The thing is that if I had got so much money that I didn’t need to go to work, then I would obviously be so wealthy that I wouldn’t need to make my own T-shirts or biscuits, and so in that unlikely event I might as well be at work as anywhere else, because it would be dull to be at home with nothing to do.

Therefore there is no point in complaining about the injustice of the thing and I think that perhaps I need to consider more carefully what it is that I actually want, as looked at in that light it would appear that what I actually want is to be unemployed and poor, which is most certainly not the case.

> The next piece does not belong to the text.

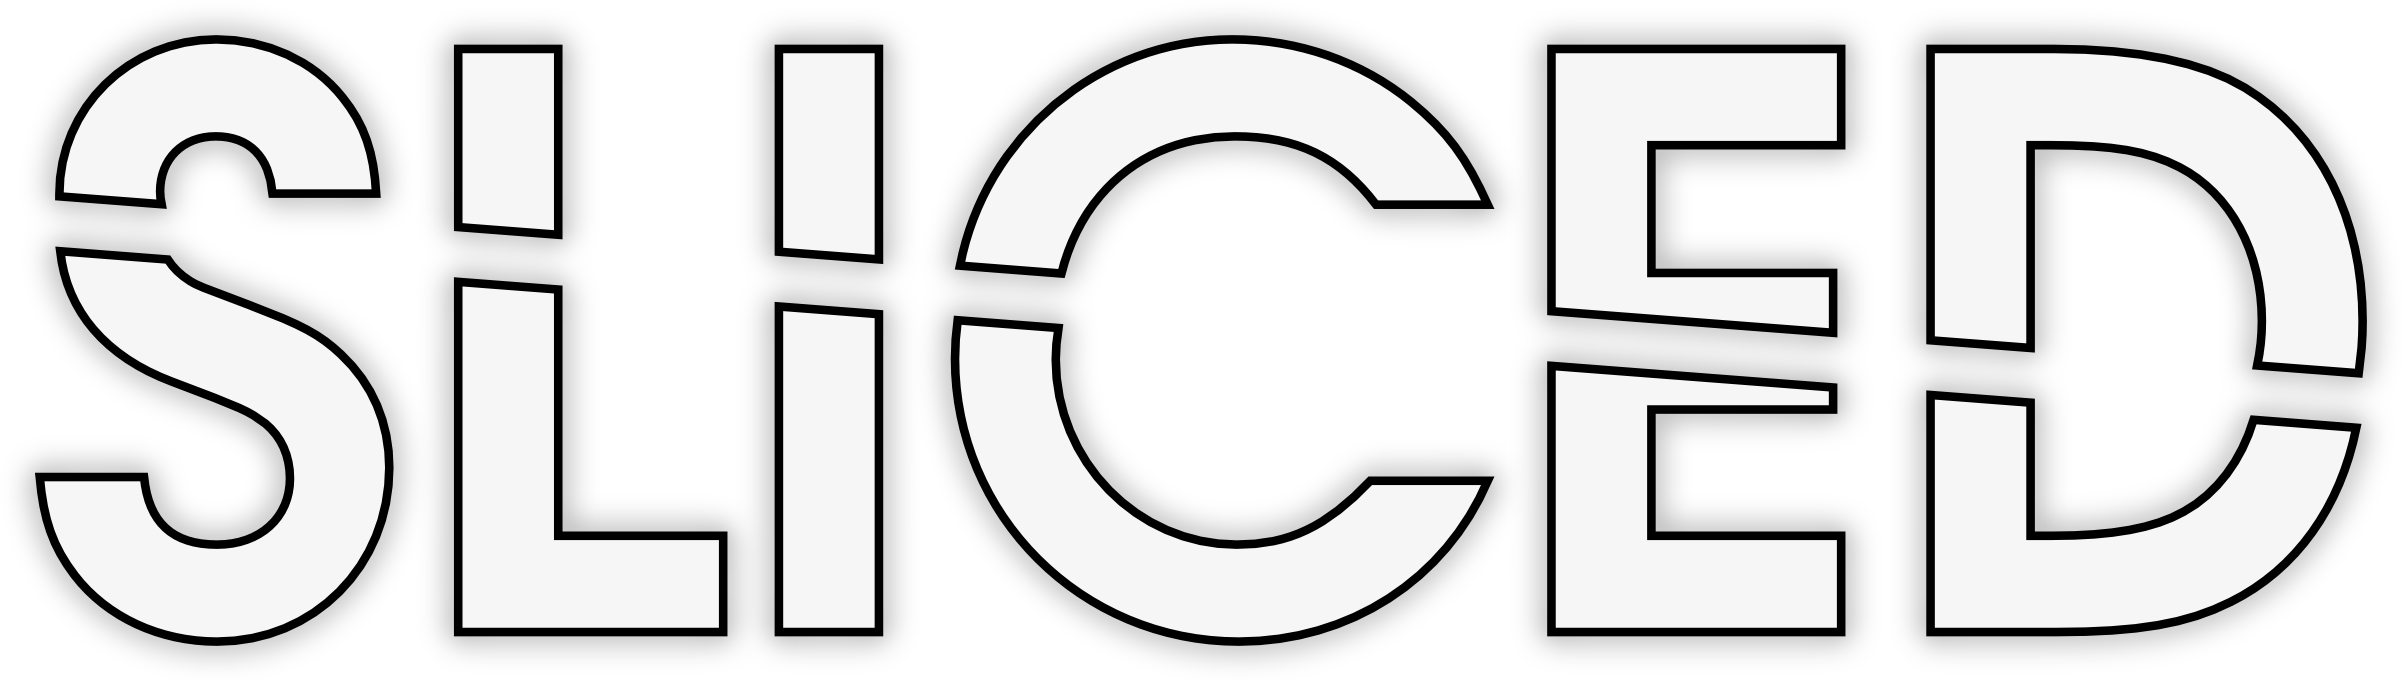 SLICED logo

In the end I fidgeted and complained so much on the taxi rank that Mark rolled his eyes and said that there wasn’t any point in my sitting there whilst it was quiet, and to go home and get on with it, and he would call me if things started to improve.

I felt a bit guilty about this, but not guilty enough to stay where I was and wait for somebody to decide that they wanted to ride in a taxi rather than walk in the sunshine, so I rushed off home and started contentedly fiddling with the turquoise cotton jersey T-shirt that had been occupying my musings all day.

I can tell you now that it is jolly well not easy to make a T-shirt. How impoverished Indians manage to make so many in dreadful tumbledown sweatshops I have got no idea. I am only making one, not thousands that have to be perfect for Marks & Spencer, and I have got a dummy shaped like me to try it out on, and another T-shirt to give me the shape that I want, and I am still making a bit of a pig’s ear of it.

If you have never tried to make a T-shirt then I can explain that actually it is quite complicated. The hole at the top has got to be big enough to poke your head through, but not so big that your bra straps show once you have got it over your head and resting on your shoulders. Then there is the problem caused by having lumpy bits sticking out at the front of a person, you have got to cut the shirt in such a way that it hangs nicely over these without either looking like a tent or wrinkling up and being too tight underneath your arms.

Then there is the difficulty of sleeves. They are cut in a semi-circular shape at the top and have got to be sewn into a roundish sort of hole on the side of the T-shirt, which no matter how hard you try is just not going to be the same sort of roundish as the hole on the other side of the T-shirt where you thought that you might stick the other sleeve if everything went well. Also they have got to be the same length, which is harder to achieve than it looks.

In the end Mark phoned and explained that people wanted to get in taxis and that I needed to go to work, so I had to leave it, which turned out to be just as well because when I looked I realised that I was in the process of pinning the sleeve to the neckline.

All the same it is very exciting indeed and I am dying for tomorrow to come so that I can do some more.

1 Comment

  1. Rebecca Hurley Reply

    Welcome to my world -getting clothing to fit is fun if not challenging at times, especially jersey fabric! By the way unlikely M&S use sweatshops, with all the red tape we go through on a daily basis.